Özetle, bir iktidarın muhalif eleştirilere karşı sabırlı olmasını, hatta ondan istifade edilmesini öneriyor; yoksa muhalefete sabır falan tavsiye etmiyor.

*

Şimdi nereden nereye tabii.

İyi de gelelim bugüne ve muhalefet cephesine…

Ülke bu kadar yanlışlar içerisinde debelenirken sadece doğruları söyleyip “Hele durun bakalım nasıl olsa layıklarını bulacaklar” sabrı mı göstermeli; yoksa yine de o yanlışların içerisinde olanlar kadar cesaretle karşı mı çıkmalılar?

Çıkılmıyor…

Ne yazık ki her şeye rağmen siyasette “Çocuk musun!” anlayışı sürüp gidiyor. Bu edilgenlik de tabii ki siyaset tahterevallisinde atılan o her kötü, her kural dışı adımla birlikte bu adımı atanların ağırlığını biraz daha arttırıyor.

Şöyle geriye dönüp bir bakılsa, siyaset binasının bu günkü çarpıklığı, o binanın duvarları geçmişte tuğla tuğla örülürken, daha ilk tuğlalar dizilirken cesaretle karşı çıkılmamasından kaynaklanmadı mı? Şimdi karşımıza dikilen o heyula siyasi yapı geçmişte verilen küçük küçük tavizlerin birikimi, zaman içerisinde vardırıldığı nokta değil mi?

*

Siyaset ne yazık ki bizim gibi ülkelerde bu işe soyunanların kamuya, halka cânıgönülden hizmeti değil de bu işin “erbabının” mesleği haline gelmiş.
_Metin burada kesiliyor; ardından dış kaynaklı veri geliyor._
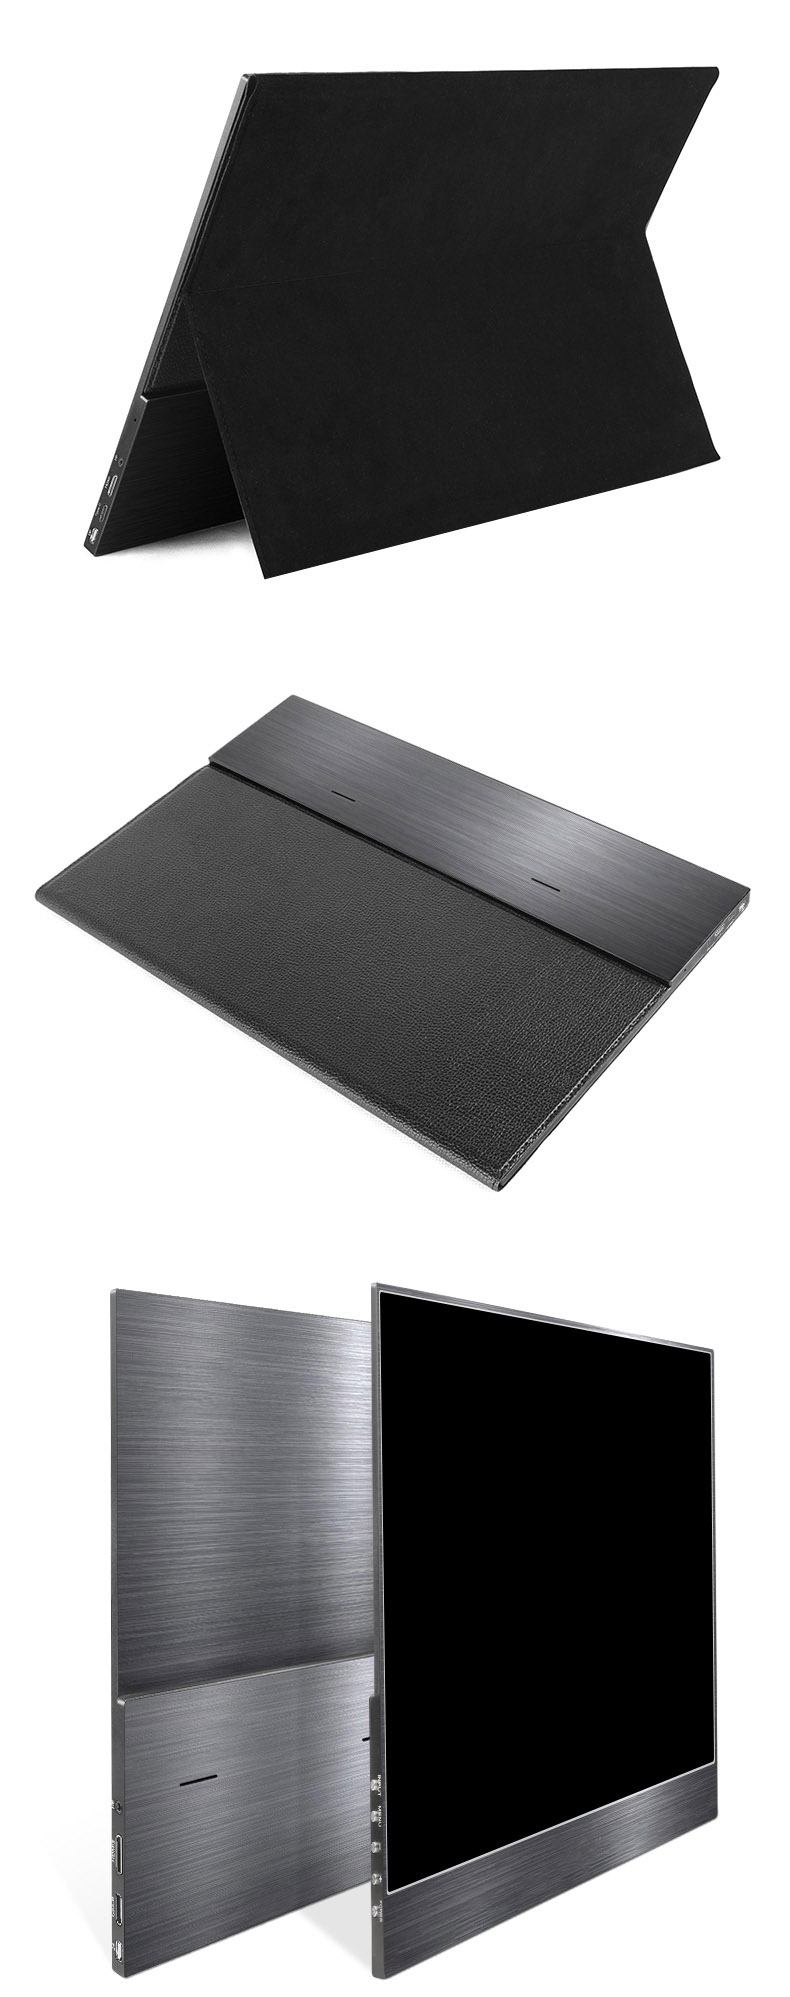 IPS Full HD 15.6吋超輕薄便攜式顯示器

Dolayısıyla, arkasında çok başka nedenleri de olan bu çarpıklıkta doğruyu söyleyip geçmek değilse bile “doğruyu yapmak” çoğu zaman mesele oluyor ve siyasetçinin adeta “Doğruyu yaparsam siyasi yaşamım biter, siyasetteki kazanımlarım sıfırlanır” gibi bir “mesleki tercihe” takılıp kalıyor.

Öyle ya, siyaset düzeni çarpıksa, siyasetin bu çarpık düzeninde ayakta kalabilmenin hatta çıtayı biraz daha yükseltebilmenin tek yolu da sırasında lafla haktan yana olup yine de bu çarpıklığın dengesine özen göstermek! O çarpık yapı koşullarında uyumu yakalamak!.

Özetle:

“Böyle de olur mu hiç?” falan diyorsunuz siyasetçiye;

Dışa vurmasa da içinden “Ben çocuk muyum” diyor.

Oyun(!)un kuralı buysa bundan ne kadar ümitli olabiliriz ki?

Galiba çözüm Andersen’in “Kral Çıplak” hikayesindeki gibi yine çocuklarda ve çocukluklarda. Tabii bir de ileri yaşlarına karşın hala beklentilerine değil de sadece içindeki çocuğun sesini duyanlarda, dinleyenlerde.

Büyük kurtarıcı boşuna “Ey çocuk, ey Türk gençliği…” dememiş olmalı.